Quantum computing uses the basic laws of quantum physics to deliver an incomprehensible amount of calculations simultaneously. This “4th Industrial Revolution”, will generate enormous opportunities for both science and any industry. Applications could encompass the construction of new medicines and more energy-efficient materials, as well as weather forecasting, financial modelling, and other forms of Artificial Intelligence. But as with any new technology, the most impressive applications are those which we have not yet conceived.

Significant threat to our current cybersecurity measures

It’s already established that the power of quantum computing will overshadow our prevailing processing capacities and will escort a new age of information and innovation. However, that power will also pose a significant threat to cyber security, forcing us to completely rethink the way we guard all types of data transfers. If we don’t, none of our data will be safe. 

Fortunately, quantum cyber security is already tackling that hurdle with advancements such as quantum key distribution, quantum safe algorithms and true random numbers. 

Endanger online banking activities and communications

As mentioned above, Quantum Computing will leave us with no choice but to rethink the essential criteria of our current digital security standards. Quantum computer attacks are just waiting for an actual quantum computer to appear. Once the world has access to such high power computing, it can easily break much of today’s universally used cryptography. This cryptography carries the protection of pretty much everything we currently take for granted: from online banking transactions to all our communications.  

Quantum safe cryptography needs to be implemented soon. Otherwise, the quantum computer will undoubtedly alter our world in a way we do not wish for.

It will help with traffic control

Quantum computers can help streamline traffic control both on the ground and up in the air. The computer can quickly calculate the optimal routes which will allow for effective scheduling and would decrease traffic gridlock. Similarly, quantum computers are so powerful; they can also optimize supply chains, air traffic control, navy operations and performances.

It can tackle the whole problem at once

Rather than solving problems section by section as we do now with traditional computers, quantum computers can resolve the complete issue at once. This unlocks the gateway for astonishing improvements in all fields from financial services to our public security. In other words, quantum computers provide us with the intelligence to solve complicated problems that surpass the aptitudes of traditional machines.
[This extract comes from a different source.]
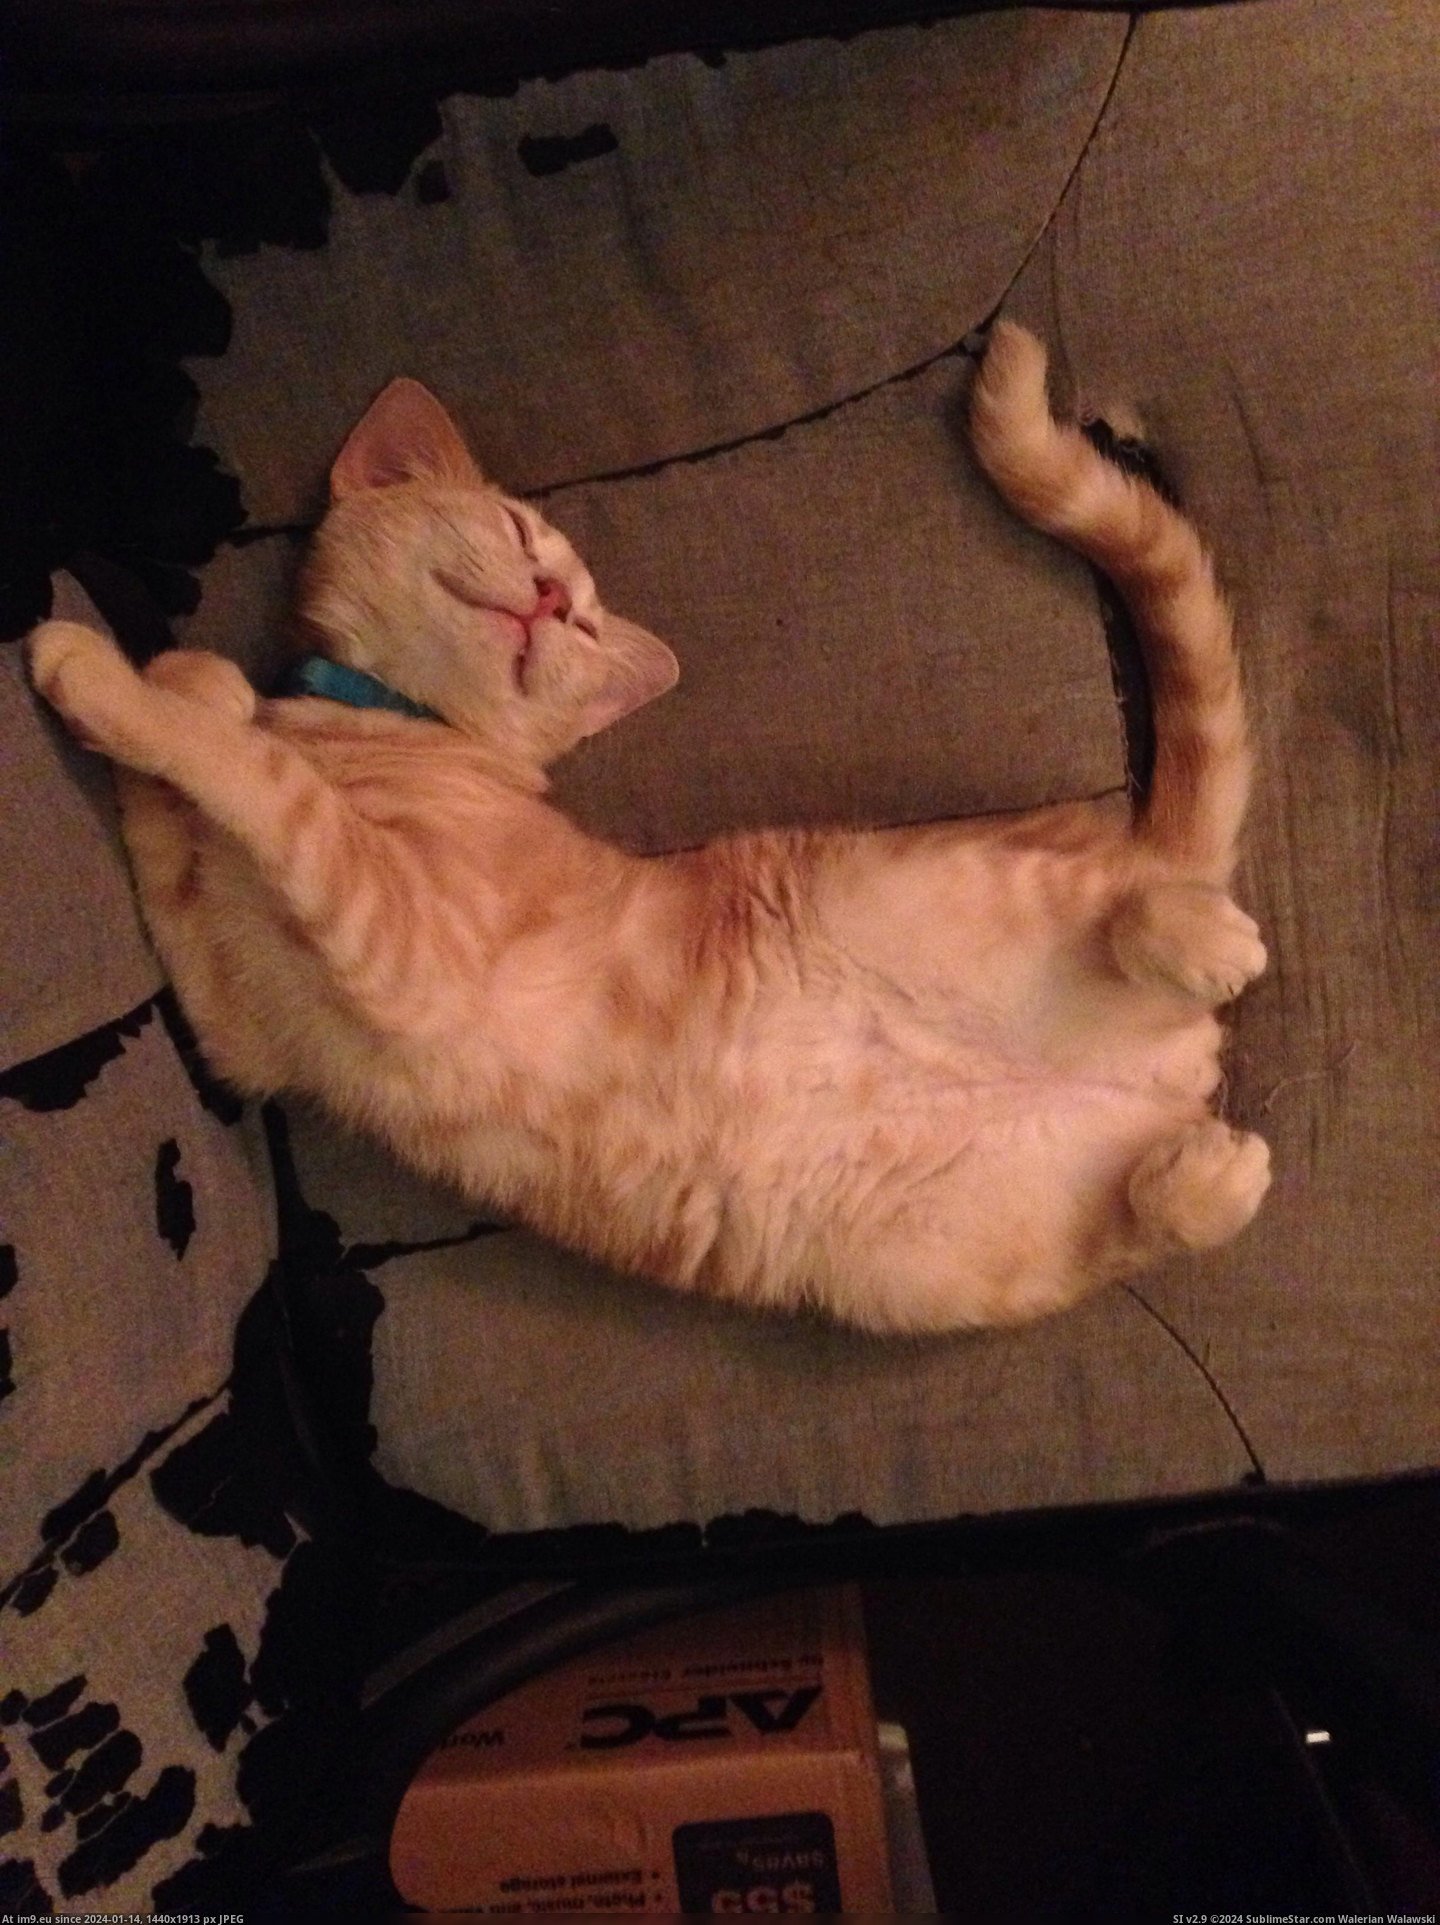 #Boy #How #Note #Curled #Toes #Our #Sleeps [Aww] This is how our little boy sleeps. Note the curled toes. Pic. (Изображение из альбом My r/AWW favs))

The Emergence Of A New Era Of Innovation

A significant reason why quantum computing is so exciting is that Moore’s Law is ending. However, quantum computers are different than anything we have seen so far. They use a different logic, computing languages and algorithms and more suited for different tasks. 

In other words, it’s too soon to predict anything for certain. It takes time for an ecosystem to develop around technology and create a significant impact. We are only now beginning to explore what varieties of quantum algorithms can be used on a quantum computer. That means that any significant effect from quantum computers won’t be witnessed for a decade or more. 

However, we are confident that the quantum era will bring with it a world of opportunities. It will allow us to tackle tasks that are unthinkable today and may even reshape the world.